■ **Data to process**:
________
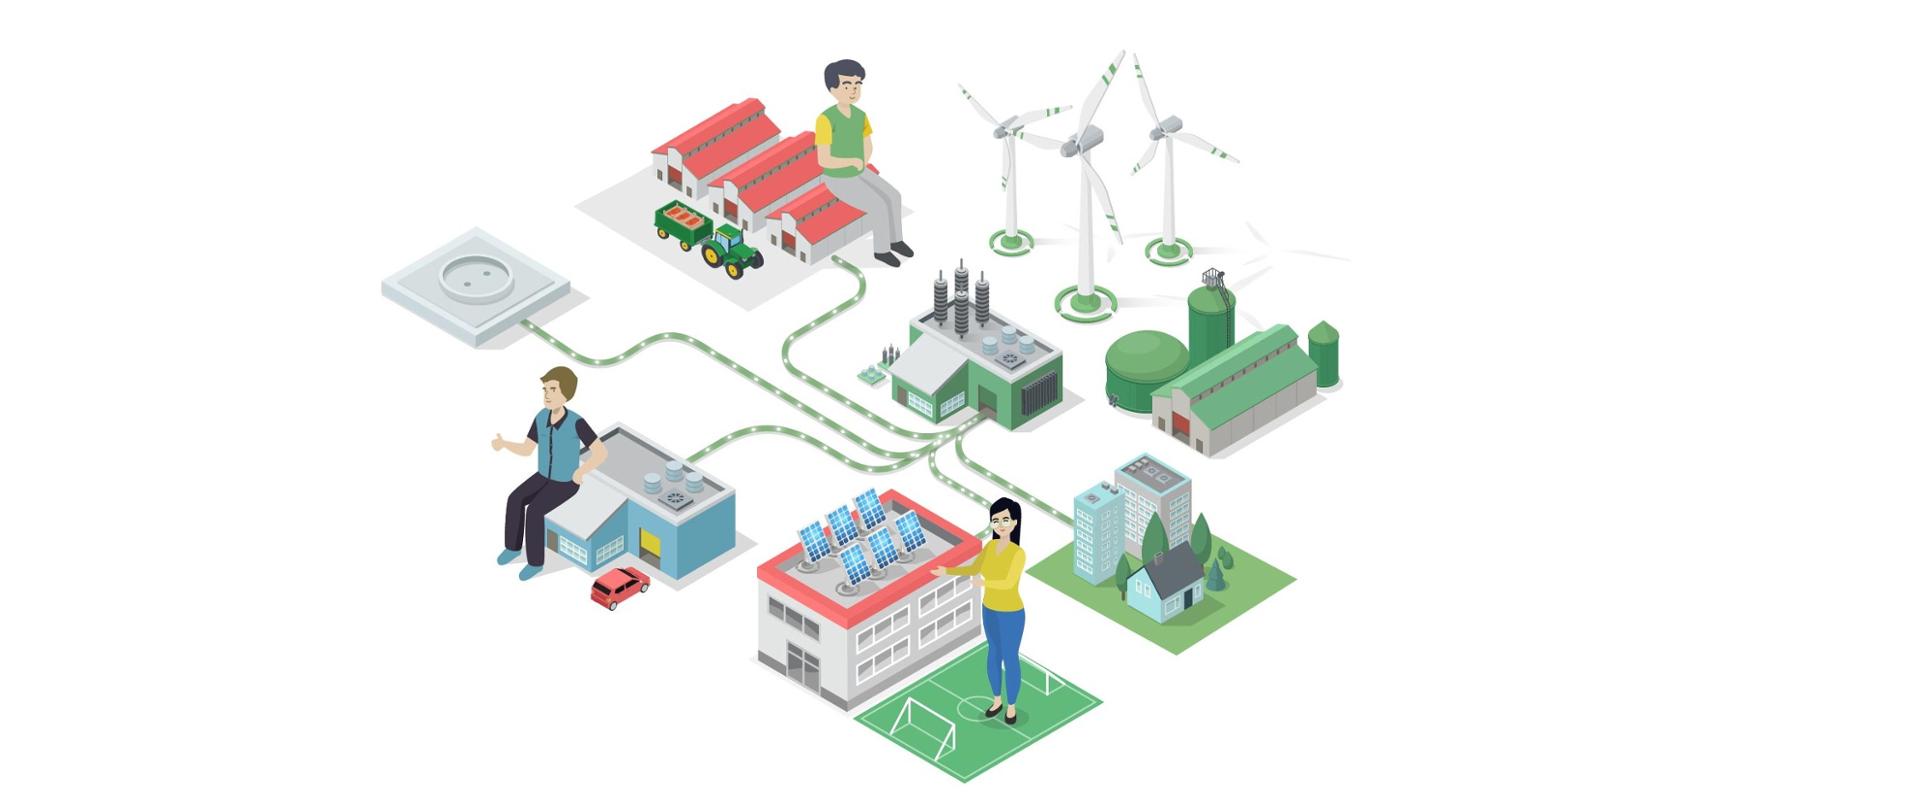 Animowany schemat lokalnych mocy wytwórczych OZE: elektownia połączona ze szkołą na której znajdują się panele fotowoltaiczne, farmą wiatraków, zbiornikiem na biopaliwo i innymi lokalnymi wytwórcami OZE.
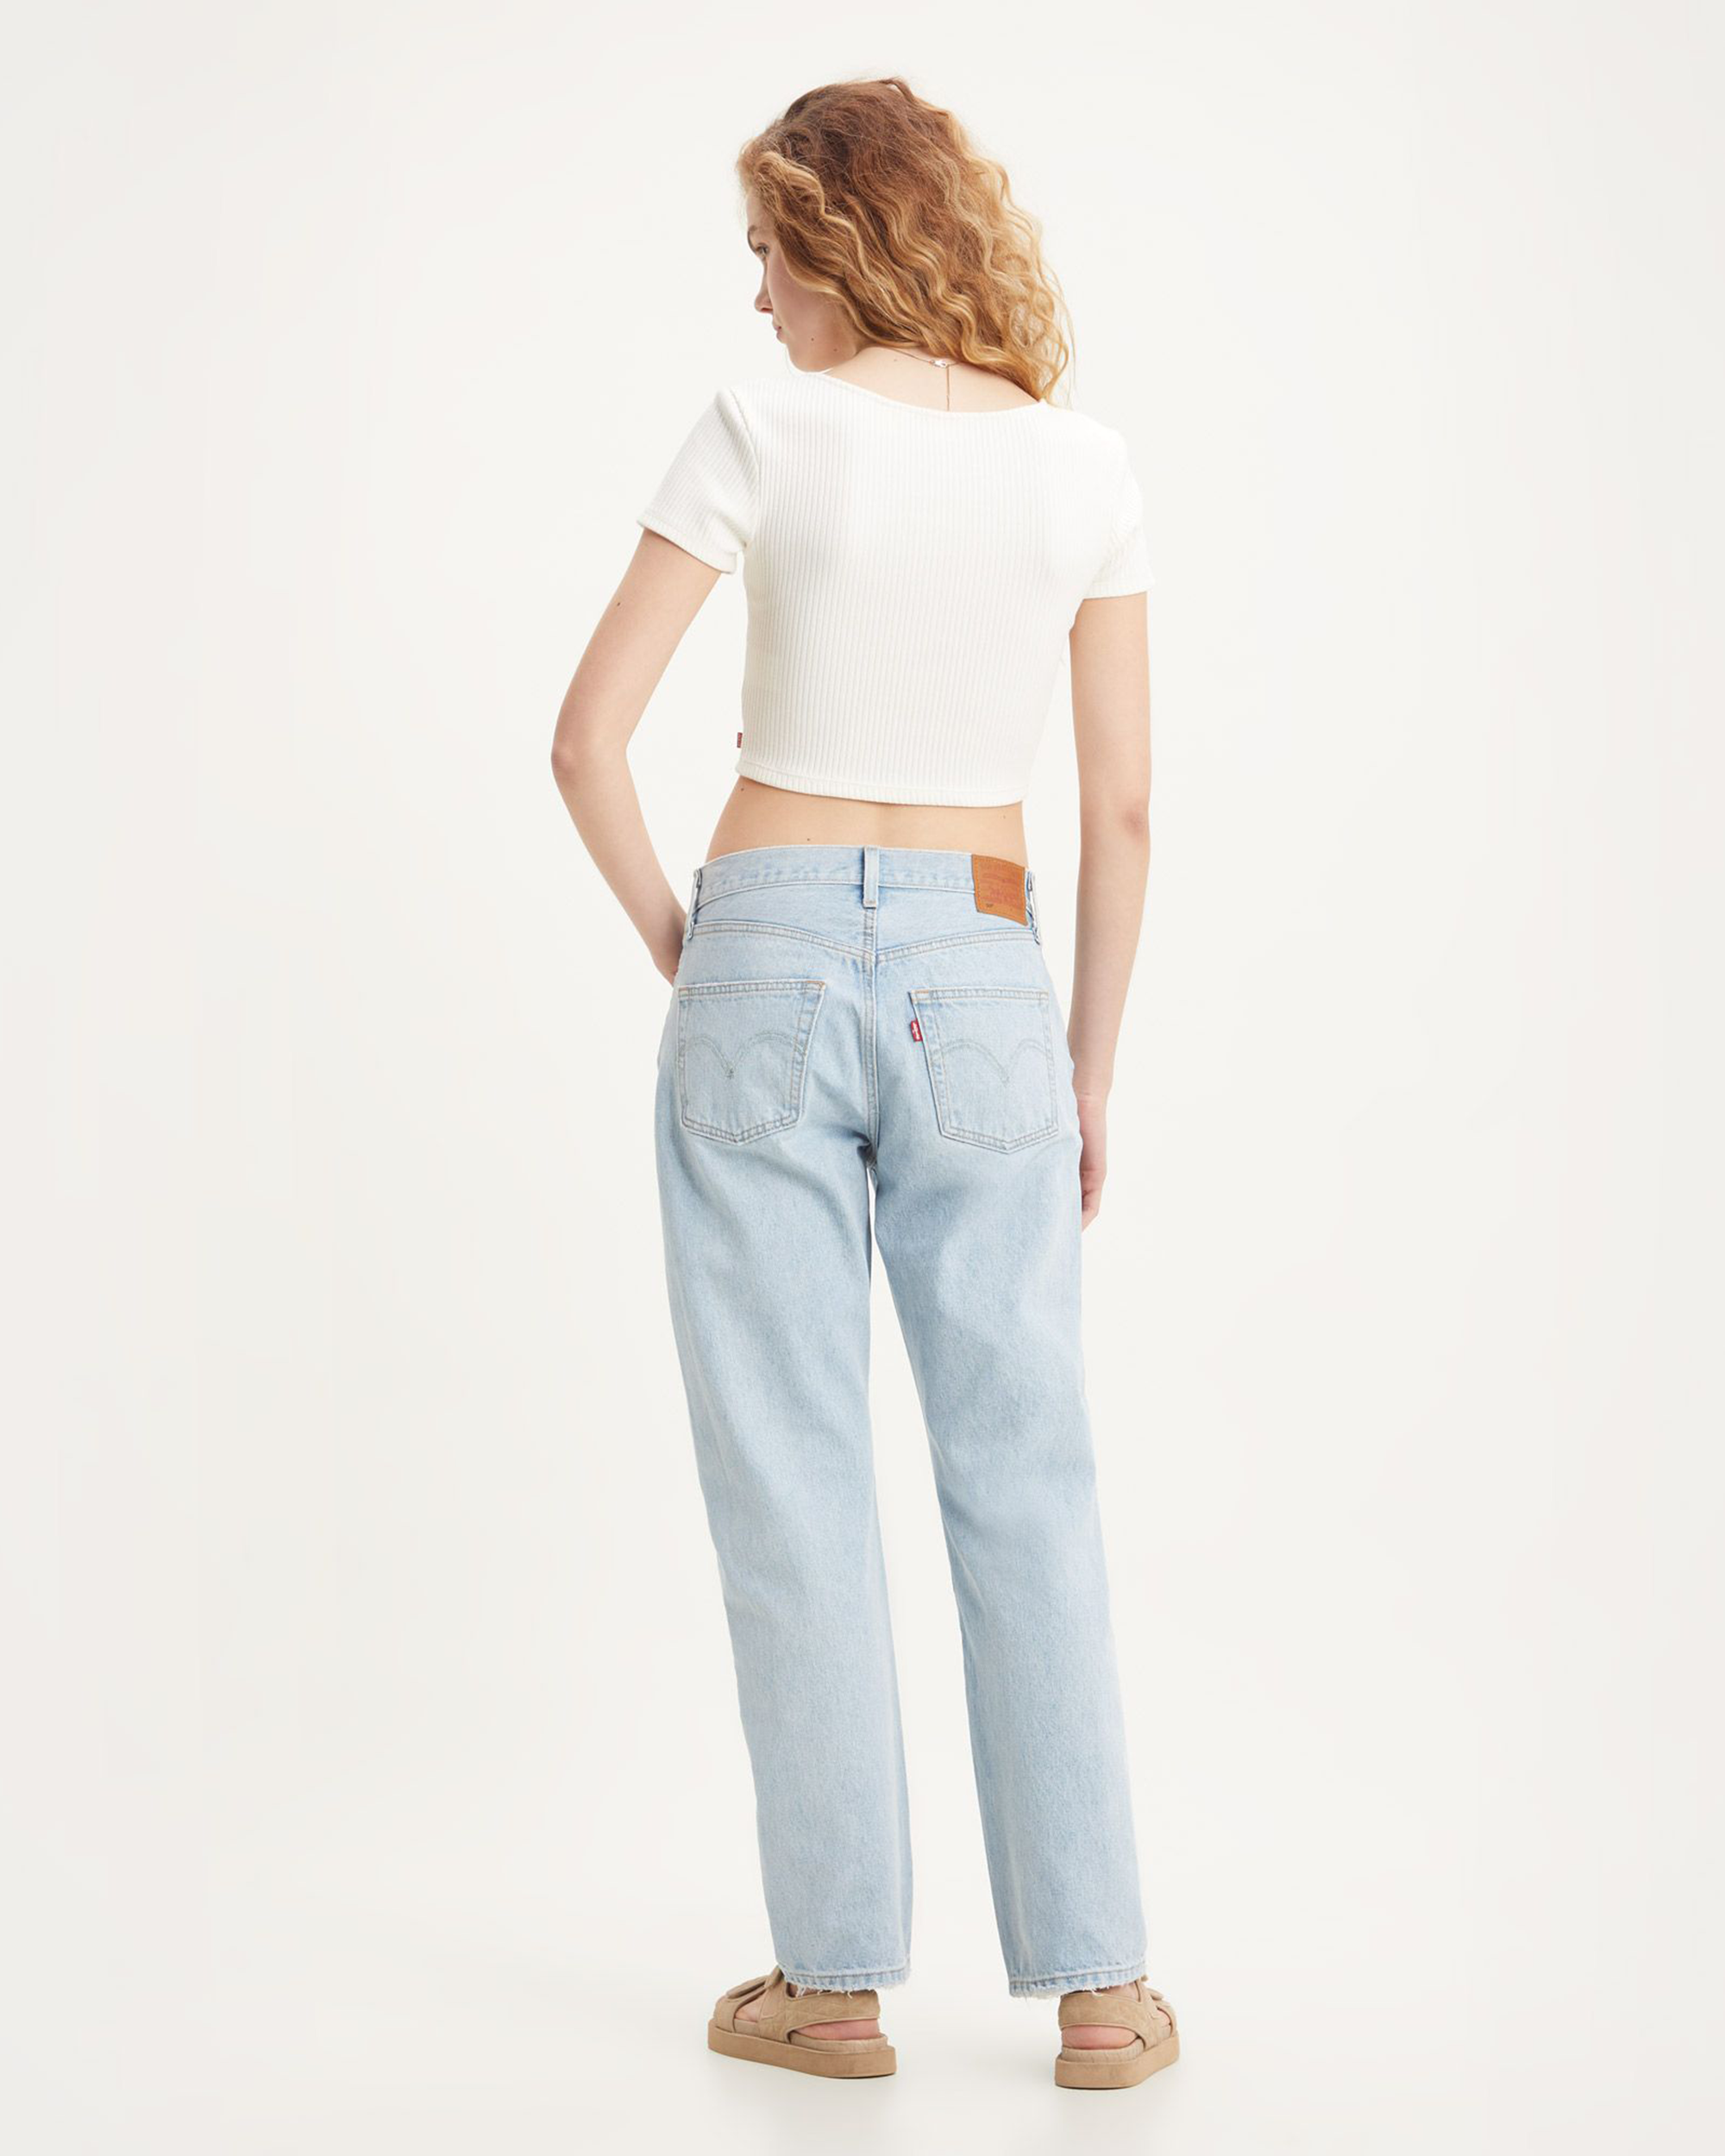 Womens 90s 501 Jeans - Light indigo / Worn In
________
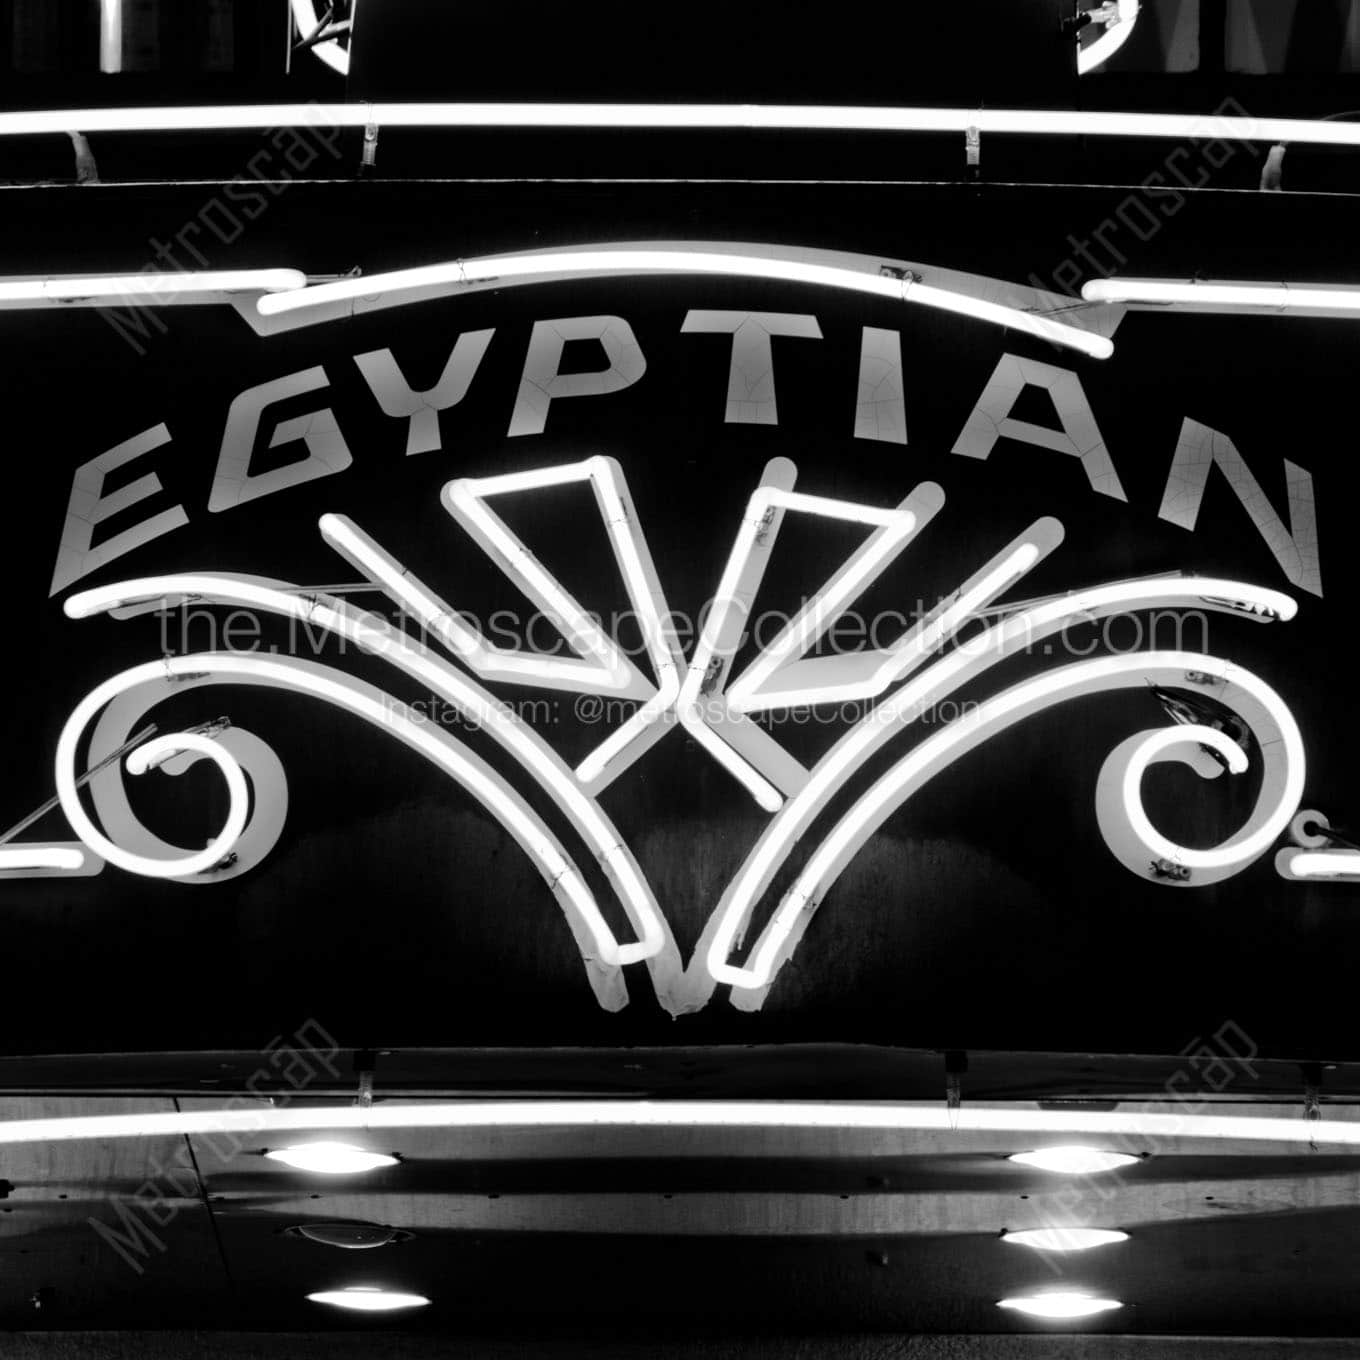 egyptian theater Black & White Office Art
________
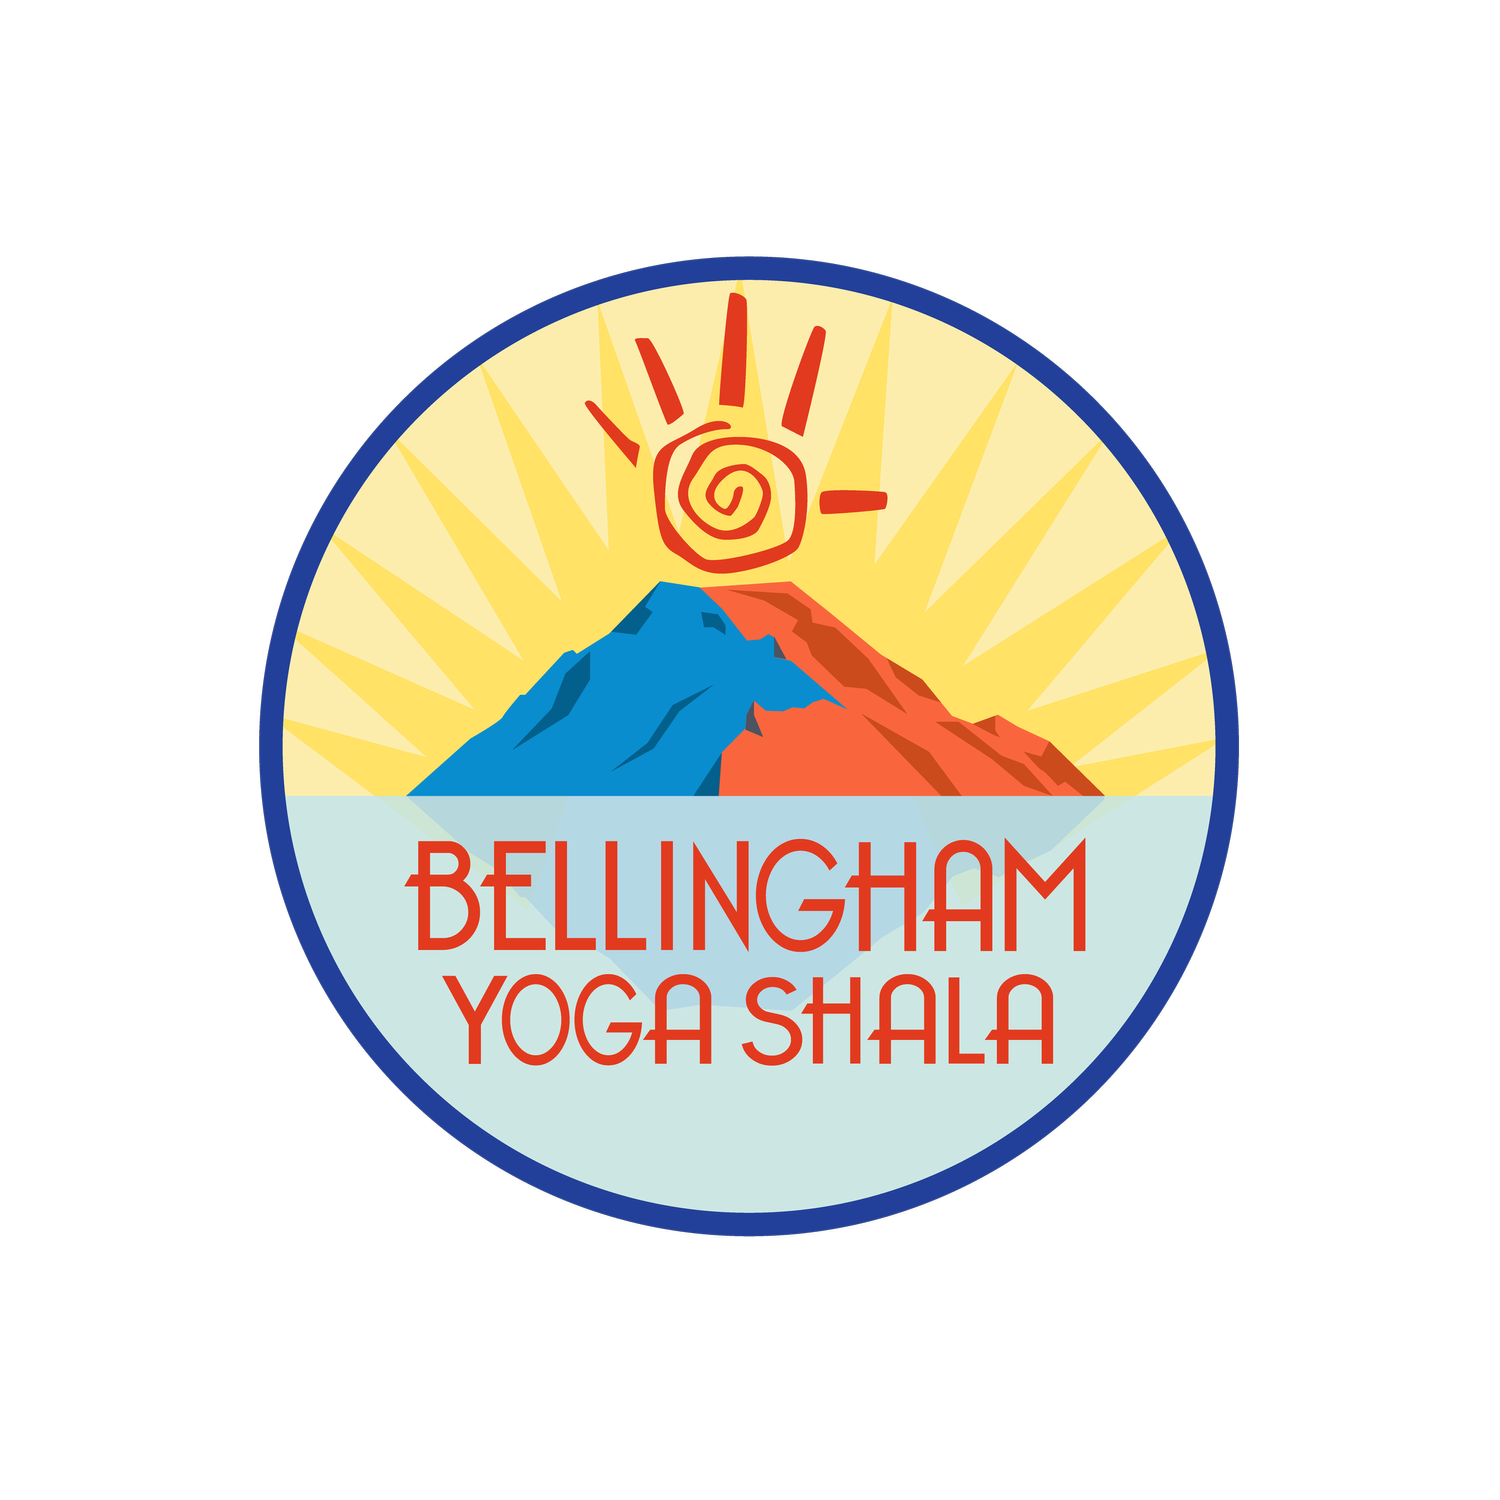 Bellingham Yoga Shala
________
■ **What you should do**:
Leaving out all pictures, set down exactly the lines of the material above, from the line with "Animowany schemat lokalnych" to the line with "Womens 90s 501" inclusive, and no others.

■ **Expected output**:
 Animowany schemat lokalnych mocy wytwórczych OZE: elektownia połączona ze szkołą na której znajdują się panele fotowoltaiczne, farmą wiatraków, zbiornikiem na biopaliwo i innymi lokalnymi wytwórcami OZE.
 Womens 90s 501 Jeans - Light indigo / Worn In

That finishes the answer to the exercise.